L'introduction de C. chamaeleon représentait donc a priori une solution intéressante pour le contrôle d'O. maskelli en France.
Un état des lieux aux résultats surprenants...
Six espèces d'eucalyptus infestées par le ravageur
Préalablement à toute introduction de parasitoïde, des prospections ont été menées dans les Alpes-Maritimes et le Var pour effectuer un état des lieux initial sur la distribution géographique du ravageur, sa gamme de plantes-hôtes et ses éventuels ennemis naturels présents.
Les résultats de ces prospections ont montré la présence de galles et d'adultes du genre Ophelimus dans les Alpes-Maritimes et le Var, sur (au moins) six espèces d'eucalyptus : E. camaldulensis, E. cinerea, E. globulus, E. gunnii, E. nicholii et E. parvula (= parvifolia).
Auxiliaire déjà installé, mais seulement sur une des six espèces d'eucalyptus
Cet état des lieux a également montré que l'auxiliaire Closterocerus chamaeleon est déjà présent en France alors qu'aucune introduction volontaire de ce parasitoïde n'a été signalée.
Sur la plupart des sites, le taux de parasitisme par C. chamaeleon, calculé a posteriori selon la formule suivante [nombre d'adultes de C. chamaeleon/nombre d'adultes de C. chamaeleon + nombre d'adultes d'Ophelimus], est même très élevé (supérieur à 90 %). Il est raisonnable de penser que cette espèce a été introduite fortuitement ou s'est « naturellement » diffusée à partir de pays voisins (certainement l'Italie).
Curieusement, la présence de l'auxiliaire C. chamaeleon n'est pas systématique. Elle se limite même uniquement aux espèces Eucalyptus camaldulensis et E. nicholii. Ce résultat surprenant nous a conduits à penser que la situation était plus complexe que prévue avec, d'une part, la présence d'O. maskelli et de son parasitoïde spécifique C. chamaeleon sur E. camaldulensis et E. nicholii, d'autre part, la présence d'une espèce d'Ophelimus différente sur les autres espèces d'eucalyptus.
Complémentarité des approches de caractérisation morphologique et moléculaire
Approche moléculaire : deux espèces différenciées par leur ADN
Afin de confirmer ou d'infirmer la présence de deux espèces d'Ophelimus en région PACA, deux approches complémentaires ont été utilisées.
D'une part, nous avons séquencé – sur une centaine d'adultes échantillonnés sur différentes espèces d'eucalyptus(2) – un court fragment d'ADN très discriminant entre espèces(3).
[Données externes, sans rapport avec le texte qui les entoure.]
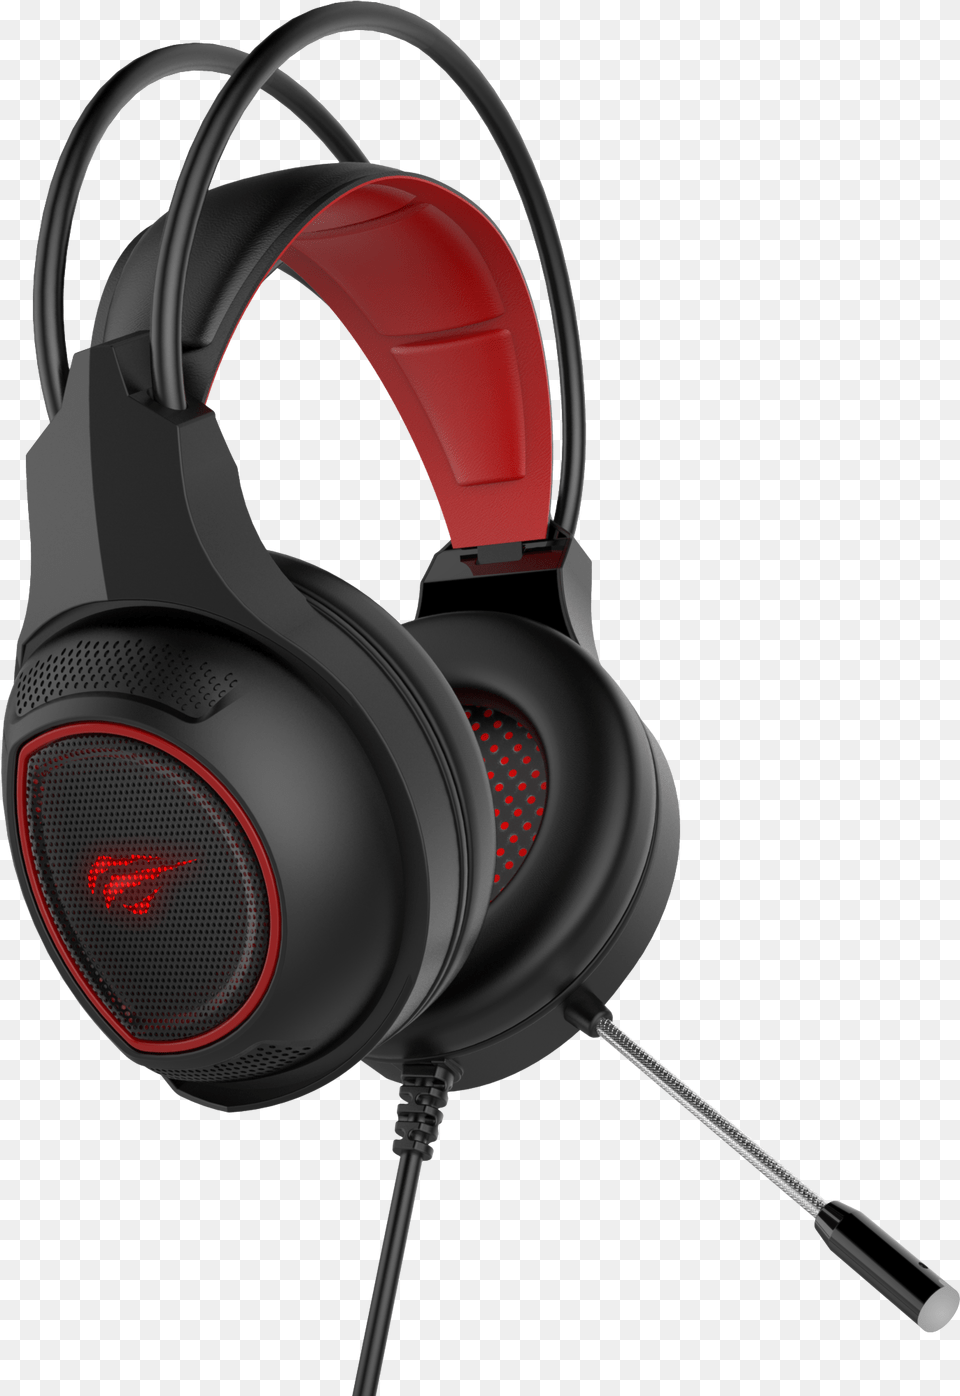 Auriculares Gaming Hv H2239d Con Micrfono Cable Havit Hv H2239d Gaming Headphone, Electronics, Headphones Free Png

Les séquences obtenues ont ensuite été comparées avec des séquences déjà disponibles d'espèces d'Ophelimus.
Les résultats de ce travail confirment la présence de deux espèces distinctes d'Ophelimus (résultats non présentés).
En effet, tous les individus collectés sur E. camaldulensis sont génétiquement identiques ou très proches d'individus appartenant à l'espèce maskelli. Les adultes collectés sur E. cinerea, E. globulus, E. gunnii et E. parvula sont quant à eux génétiquement différenciés à la fois d'O. maskelli et d'autres espèces d'Ophelimus déjà séquencées.
Approche morphologique : deux groupes aussi, par observation microscopique des soies des ailes.
En parallèle, les deux espèces potentielles d'Ophelimus ont été comparées sur des critères morphologiques. Il faut savoir que plus de 50 espèces d'Ophelimus sont actuellement décrites (Noyes, 2012) avec une classification du genre entièrement à réviser (selon John La Salle, spécialiste mondial de la systématique des Eulophidae au CSIRO de Canberra). Cependant, il semble qu'O. maskelli possède un caractère morphologique particulier qui le distingue d'autres espèces du même genre : la présence d'une seule soie submarginale sur l'aile antérieure (Photo 1 ; Protasov et al., 2007a).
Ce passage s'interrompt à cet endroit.